Since, therefore, in the apparatus according to the invention the
essential components of the analyser and synthesizer are identical
they can be used, for example, in the transmission of speech
signals in alternate send-receive operation without appreciable
additional expense. Another advantage over the apparatus operating
in accordance with the known method is that the analyser and
synthesizer vocal tract models are formed by any linear digital
filter and it is therefore possible to use one having low
quantization sensitivity. In the known apparatus, however, a quite
specific recursive filter is used, i.e., the Frobenius form, in
which the feedback consists of a transversal filter. It is known
that the coefficients of this form are extremely
quantization-sensitive.
BRIEF DESCRIPTION OF THE DRAWINGS
An embodiment of the invention will now be explained in detail with
reference to the accompanying drawings in which:
FIG. 1 is a block schematic diagram of apparatus for speech
analysis and synthesis;
FIG. 2a is a block schematic diagram of the vocal tract model
forming part of the apparatus of FIG. 1;
FIG. 2b is a simplified block schematic diagram of the arrangement
shown in FIG. 2a;
FIG. 3a is a block schematic diagram of the parameter computer
shown in FIG. 1;
FIG. 3b is a variant of the circuit shown in FIG. 3a; and
FIG. 4 is a block schematic diagram of a computer stage which
operates in conjunction with the parameter computer.
DETAILED DESCRIPTION OF EMBODIMENT OF THE INVENTION
A complete speech analyser and synthesizer is shown in FIG. 1 which
comprises an analyser A and a synthesizer S. As shown in the
drawing, a transmission or storage medium 14, for example a digital
transmission channel or a digital storage unit, is disposed between
the output of the analyser and the input of the synthesizer.
Analyser A consists of a speech source 1, a low-pass filter 2, an
analog-to-digital converter 3, a clock 15 which energises the
entire analyser A, a pitch detector 4, a sample storage unit 5, a
pulse/noise generator 6, an analyser vocal tract model 7, a
comparator 8, a parameter computer 9, and a coder 10.
The synthesizer S consists of a decoder 11, a pulse/noise generator
6', a synthesizer vocal tract model 7', a digital-to-analog
converter 12, a low-pass filter 2' and a unit 13, for example a
loudspeaker. The low-pass filters 2, 2', the pulse/noise generators
6, 6' and the vocal tract models 7, 7' are of identical
construction in both the analyser A and the synthesizer S. Given
appropriate facilities for changeover to analysis or synthesis,
there need be only one of each of these three devices.
ANALYSER
The speech signal to be analysed is passed from the source 1, for
example a microphone or analog storage unit, to the low-pass filter
2 which has a specific cut-off frequency fg, for example 5 - 5 kHz.
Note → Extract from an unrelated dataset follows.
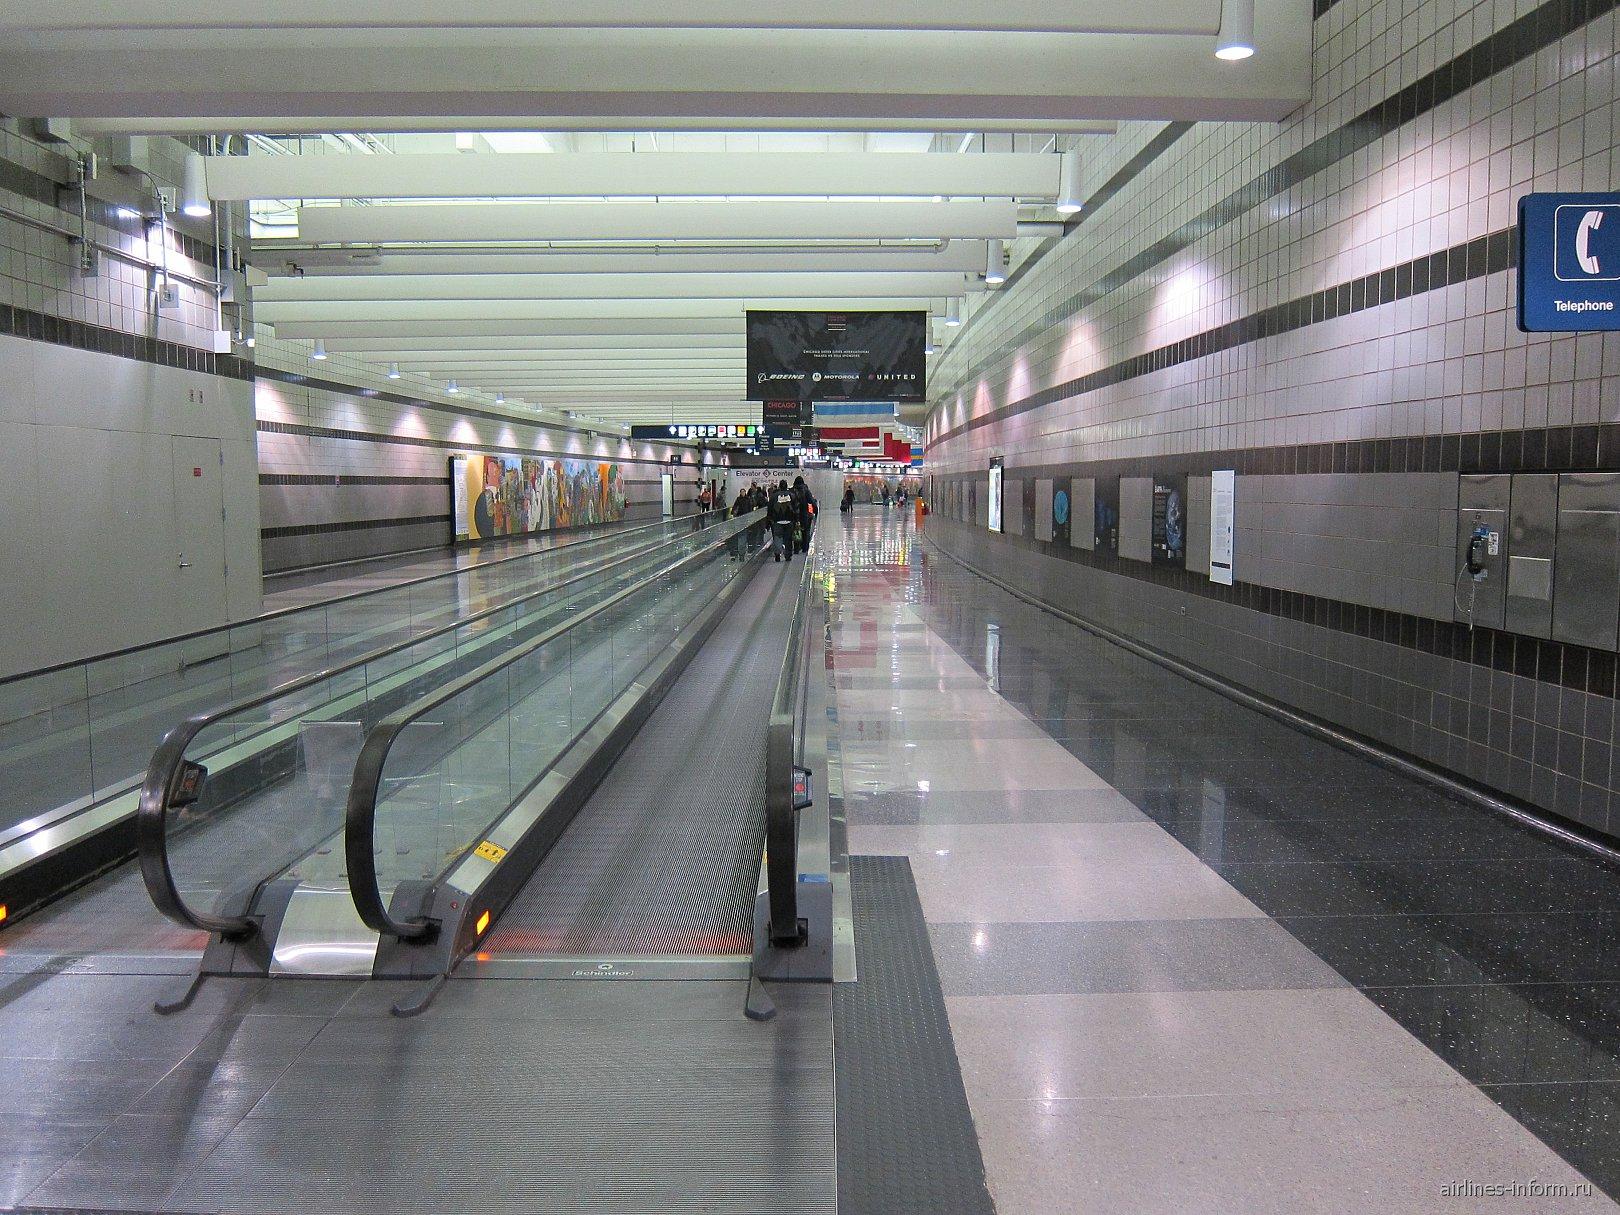 Переход к метро в аэропорту Чикаго О'Хара

The output signal of the low-pass filter 2 is sampled and digitized
in the analog-to-digital converter 3 at a sampling frequency of
2fg, for example, 6-10 kHz. The resulting sequence of sampled
values s.sub.n is then fed to the pitch detector 4 and to the
sample storage unit 5.
In the sample storage unit 5, a short sample of the signal for
s.sub.n is stored for repeated call. The length of the sample is of
the order of one to several pitch periods, i.e., for example about
10 to 30 msec. However, it need not be a complete multiple of a
pitch period.
The pitch detector 4 determines by known methods whether the speech
sample is or is not voiced as in conventional vocoders. If the
sample is voiced, then the length and position of the pitch periods
is determined at the same time, the term "pitch period" denoting
the interval of time between two glottal pulses produced by the
vocal chords in the case of voiced sounds. The pitch detector 4
passes its information in the form of a signal g representing the
voiced/voiceless decision and period pitch signals M representing
the length and position of the pitch periods in the case of voiced
samples -- to the coder 10 and to the pulse/noise generator 6.
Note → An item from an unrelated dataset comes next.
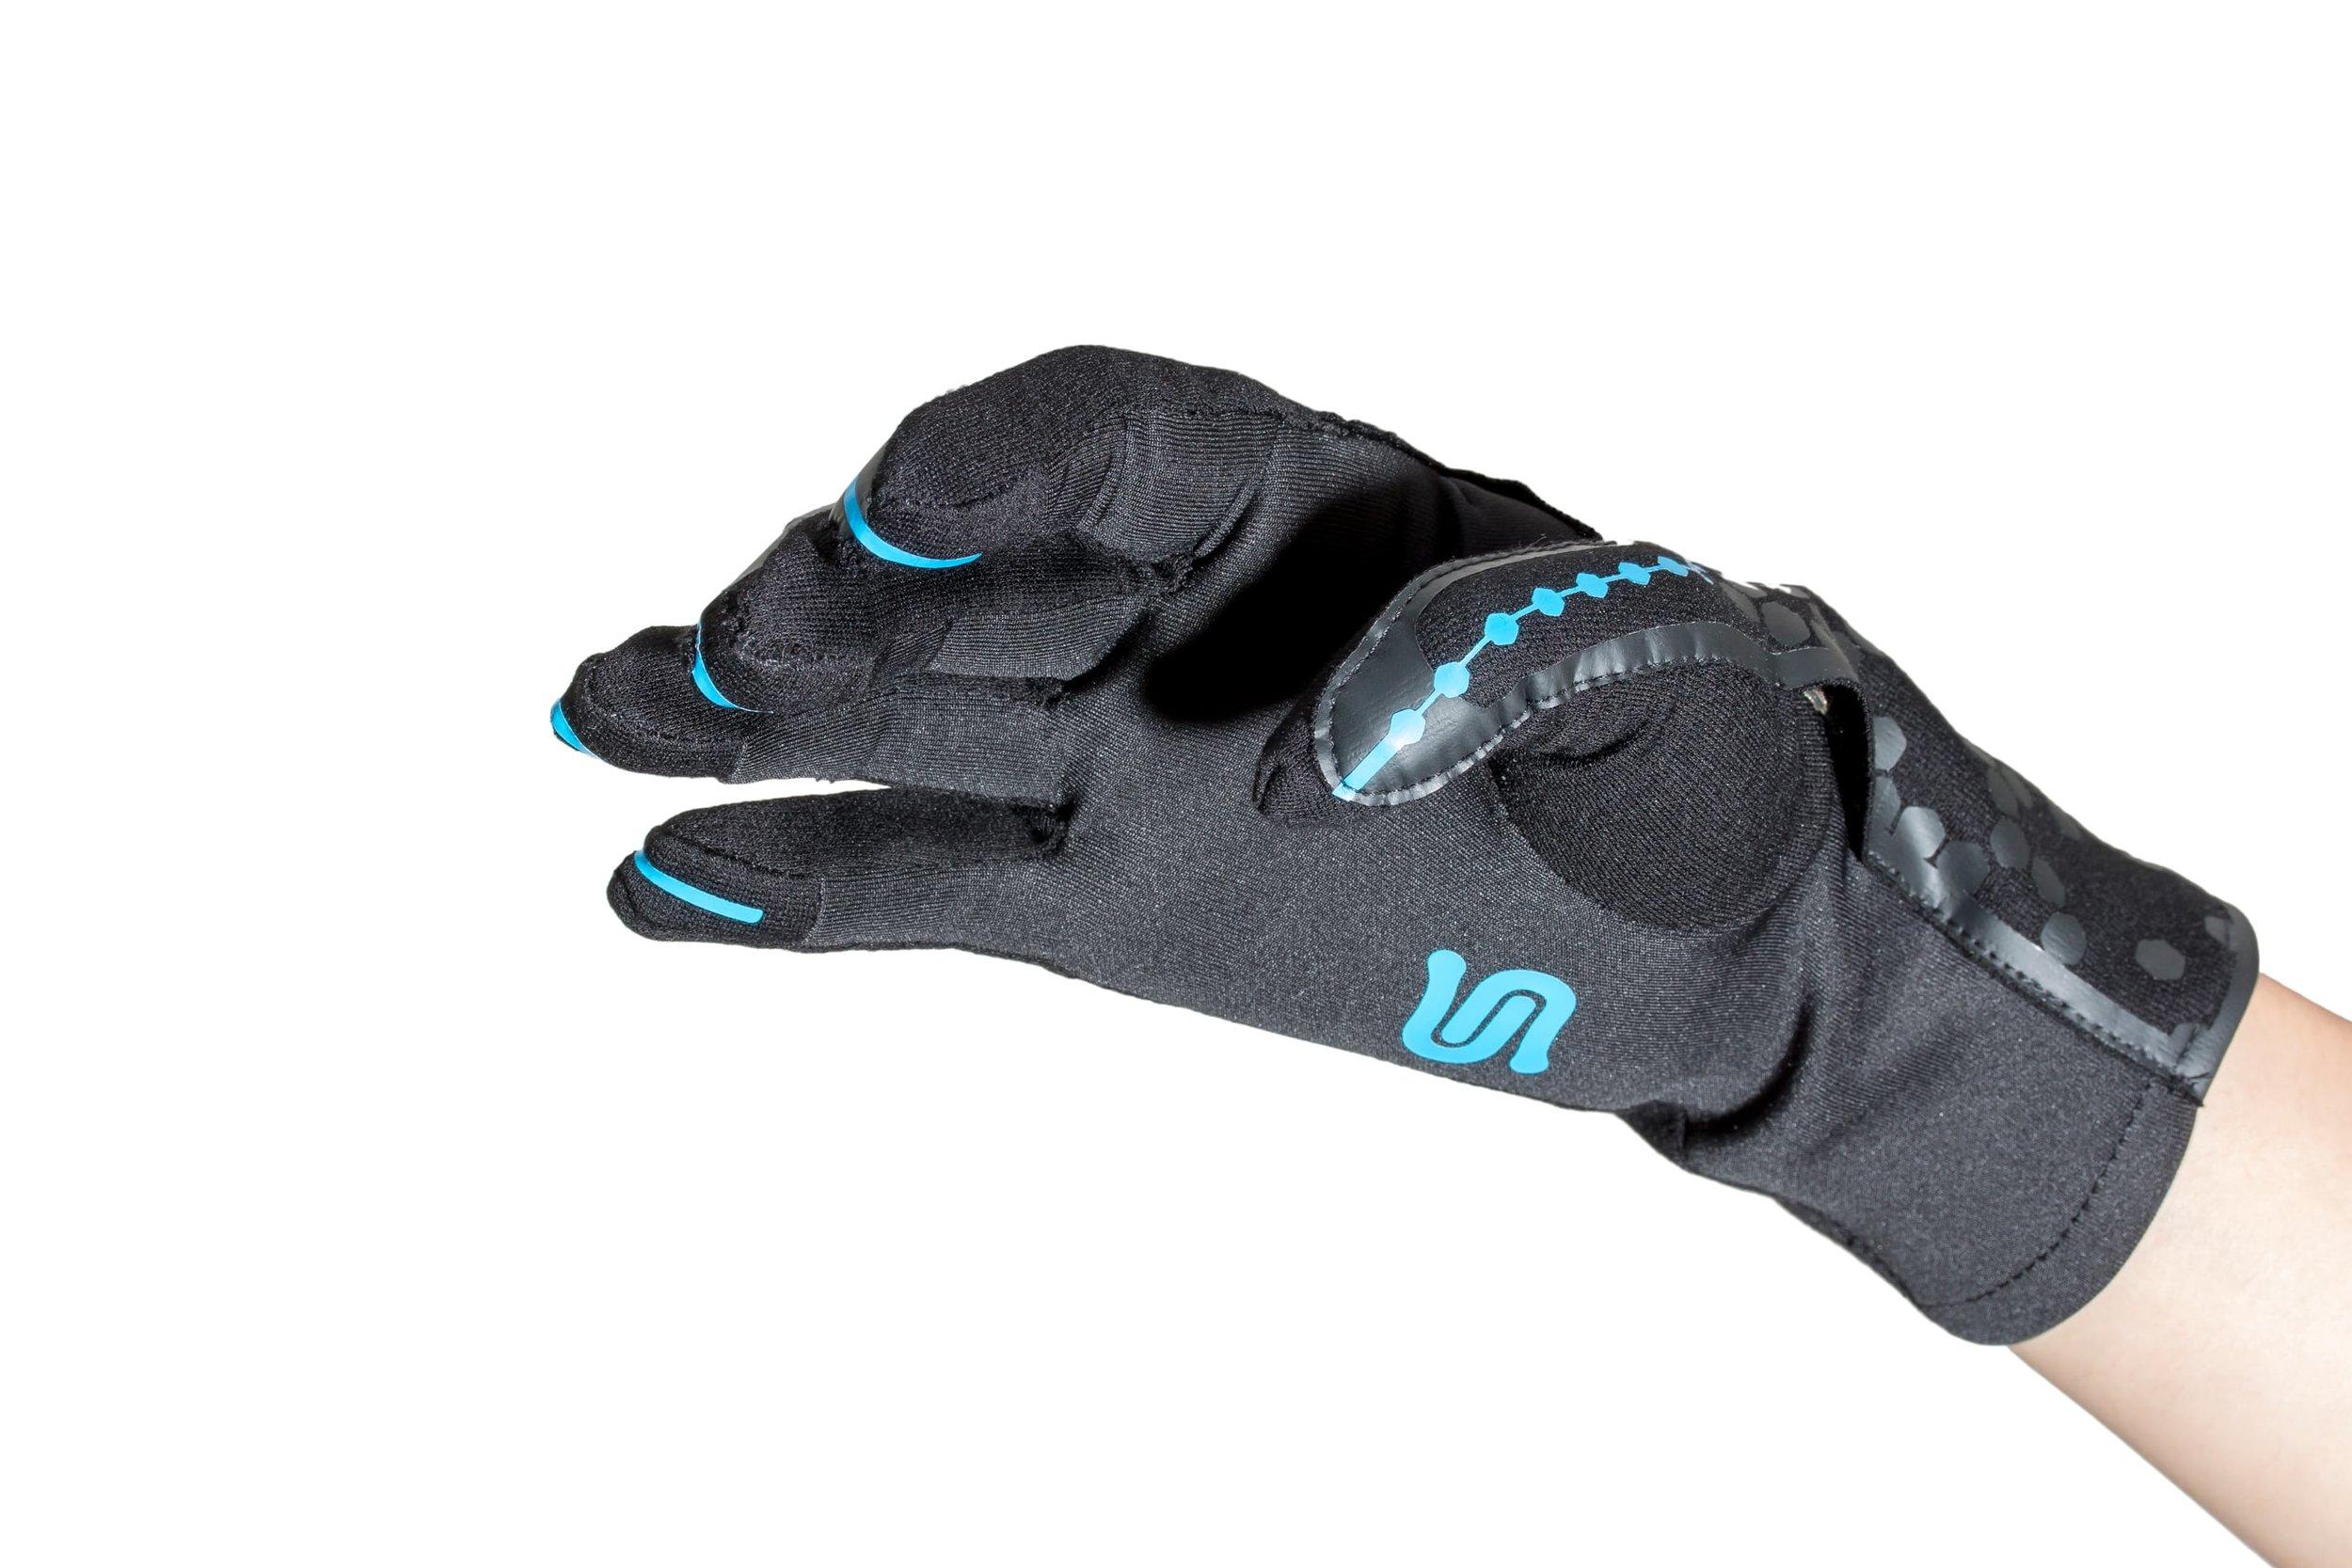 StretchSense-Glove-4.jpg

Under the control of the pitch detector 4, the pulse/noise
generator 6 delivers white noise during voiceless samples of the
speech signal and pulse signals with the pitch period spacing
during voiced samples of the speech signal. The white noise is
generated by a pseudorandom generator of known construction and has
a substantially constant power. In the simplest case, the pulses
delivered by the pulse/noise generator 6 during voiced samples of
the speech signal are ordinary unit pulses, but they may have some
other form, for example a triangular form. The pulse sequence power
is also substantially constant and is equal to that of the white
noise.
The output signal of the pulse/noise generator 6 formed from the
white noise or from pitch period spaced pulses forms the excitation
signal for the analyser vocal tract model 7.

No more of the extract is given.